GraphScope for BI analysis#
Users for BI analysis are typically business analysts who interactively query and analyze data via a WebUI. In this scenario, concurrency is not a primary concern, but low latency for complex queries is crucial. GraphScope operates as an interactive query answering service over an evolving graph. In the application layer, it supports Gremlin or Cypher query languages. In the engine layer, an interactive engine (GIE) is deployed. When the engine receives a query written in Gremlin/Cypher, the compiler GAIA compiles the query into a unified interpreted representation (IR). A universal query optimizer is then applied to optimize the IR and translate it for different backends. In this BI scenario, the queries resemble OLAP style, so the IR is interpreted into a data parallel plan. Next, a code-gen module generates the physical plan and applies it to Pegasus, a distributed data-parallel compute engine based on the cyclic dataflow computation model at the core of GIE. In the storage layer, a dynamic graph store is deployed and responsible for storing the graph data. With this combination, GraphScope provides a high-performance and interactive query answering service for BI analysis.
GraphScope for high QPS queries#
In some service scenarios, such as recommendation or searching, graph queries arrive at an extremely high rate. GraphScope can handle these scenarios by deploying a similar set of components as in the BI scenario. However, the universal query optimizer generates a query plan more suitable for high QPS queries. Then, a designated code-gen module generates a physical plan for another core engine, Hiactor, which is a high-performance and concurrent actor framework responsible for processing OLTP-like queries at the core of GIE. Since the storage layer provides a unified interface, users may choose to deploy an in-memory graph store (e.g., vineyard) or a persistent graph store (e.g., groot) to meet their specific needs. One may notice that the deployment of GraphScope for high QPS queries is similar to the deployment for BI analysis. However, the universal optimizer generates different plans and dispatches them to different backends according to the distinct workload characteristics.
GraphScope for graph analytics#
GraphScope is both performant and easy-to-use for graph analytical jobs. In this scenario, applications are provided as iterative algorithms in the built-in library or customized by the users.
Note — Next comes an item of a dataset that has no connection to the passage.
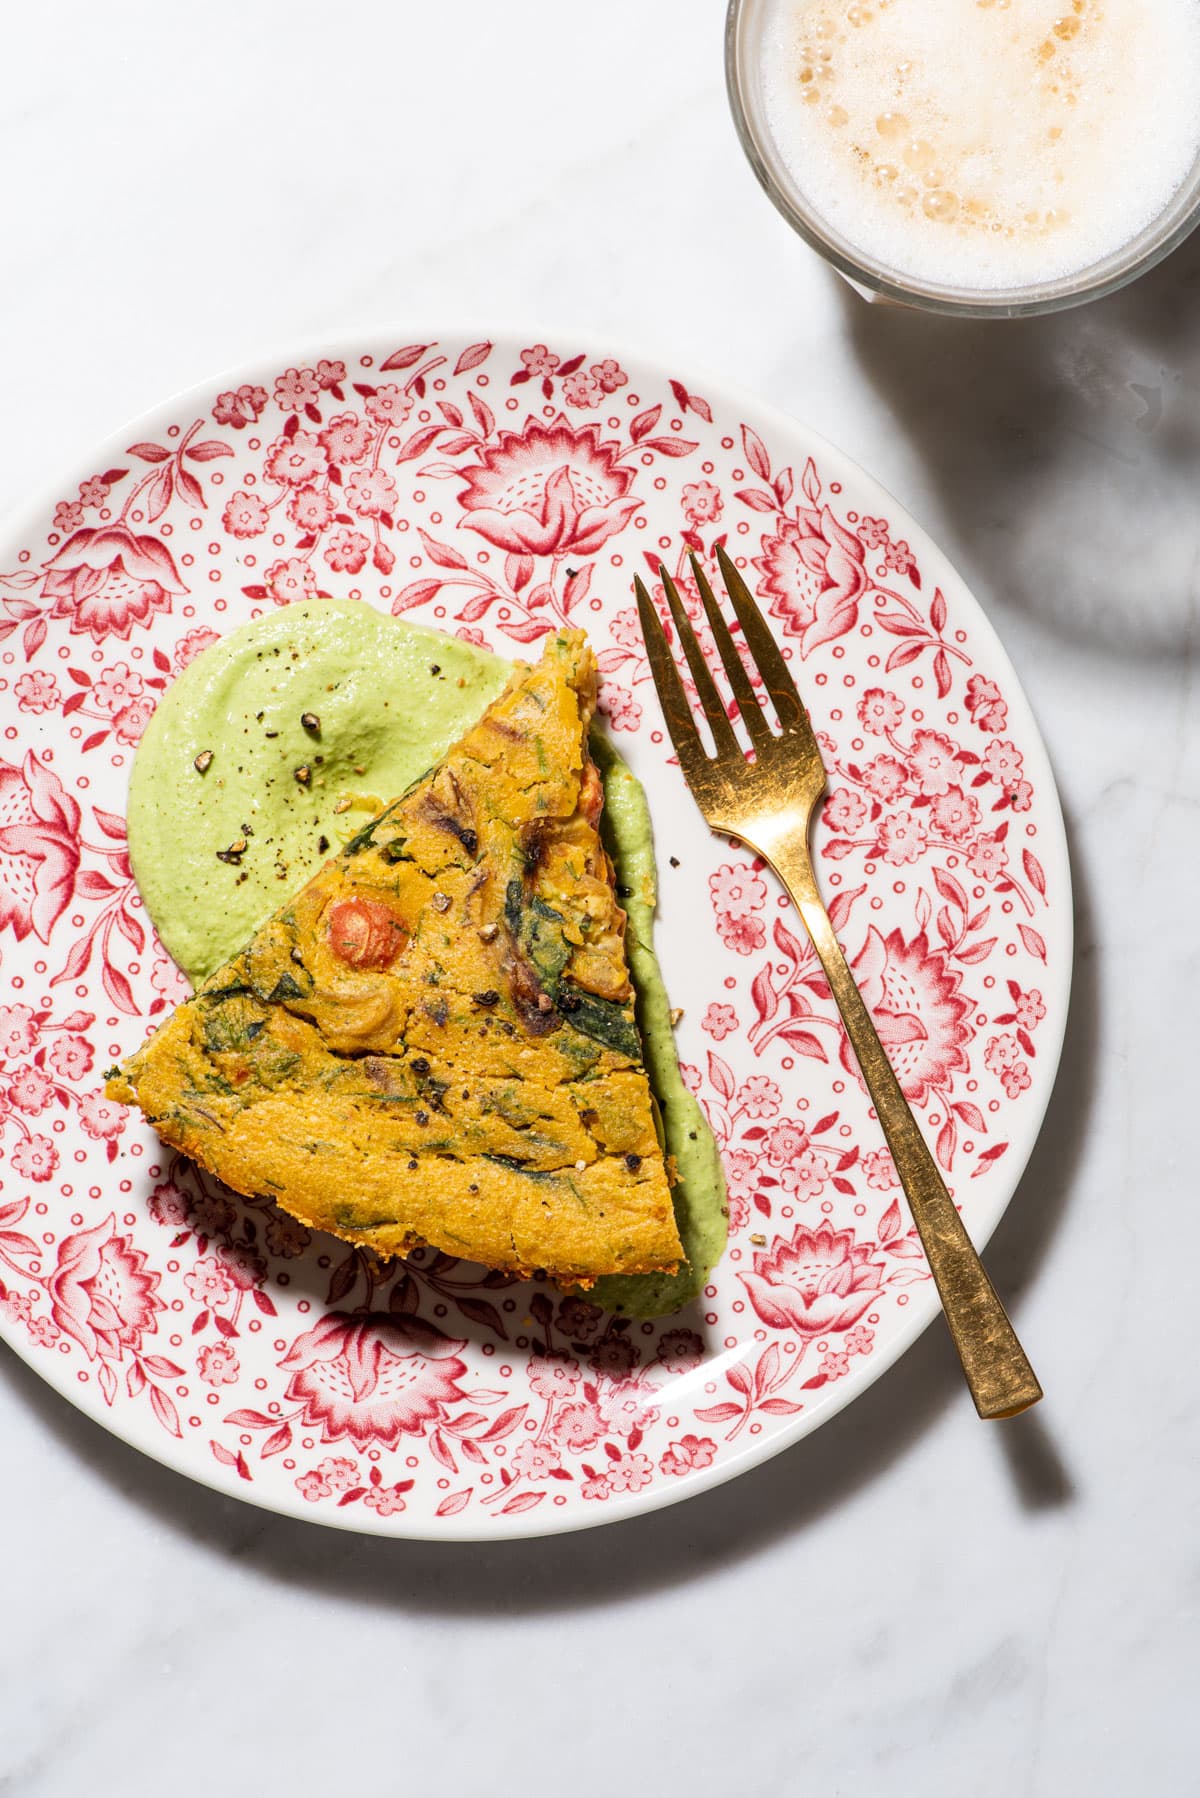 Slice of chickpea flour-based vegan frittata on a floral plate with cilantro cashew cream, next to a latte.

The algorithms can be implemented using FLASH-style API, Pregel API, or GRAPE native API. All these types of algorithms are compiled in the engine layer and run on GRAPE, a processing system proposed in this paper published in SIGMOD 2017. GRAPE distinguishes itself from prior systems by its ability to parallelize sequential graph algorithms as a whole. In GRAPE, sequential algorithms can be easily “plugged into” with only minor changes, allowing them to efficiently handle large graphs. To achieve high performance, deployments for this scenario typically choose an in-memory graph store for the storage layer.
GraphScope for learning#
GNNs have been effectively utilized in numerous real-world applications, such as e-commerce recommendation systems and financial risk control platforms, where billion-scale graphs are prevalent. The learning engine in GraphScope (GLE) efficiently supports distributed GNN training on large-scale graphs in these industrial scenarios. GLE offers both Python and C++ interfaces for graph sampling operations and a Gremlin-like GSL (Graph Sampling Language) interface to simplify the definition of sampling queries. For GNN models, GLE provides a variety of paradigms and processes for model development, and also includes a rich set of example models. Users can flexibly choose TensorFlow or PyTorch as the training backend. To enable a flexible and cost-effective resource configuration, the processes of sampling and training in GLE are decoupled, allowing each to be independently scaled to achieve the best end-to-end throughput.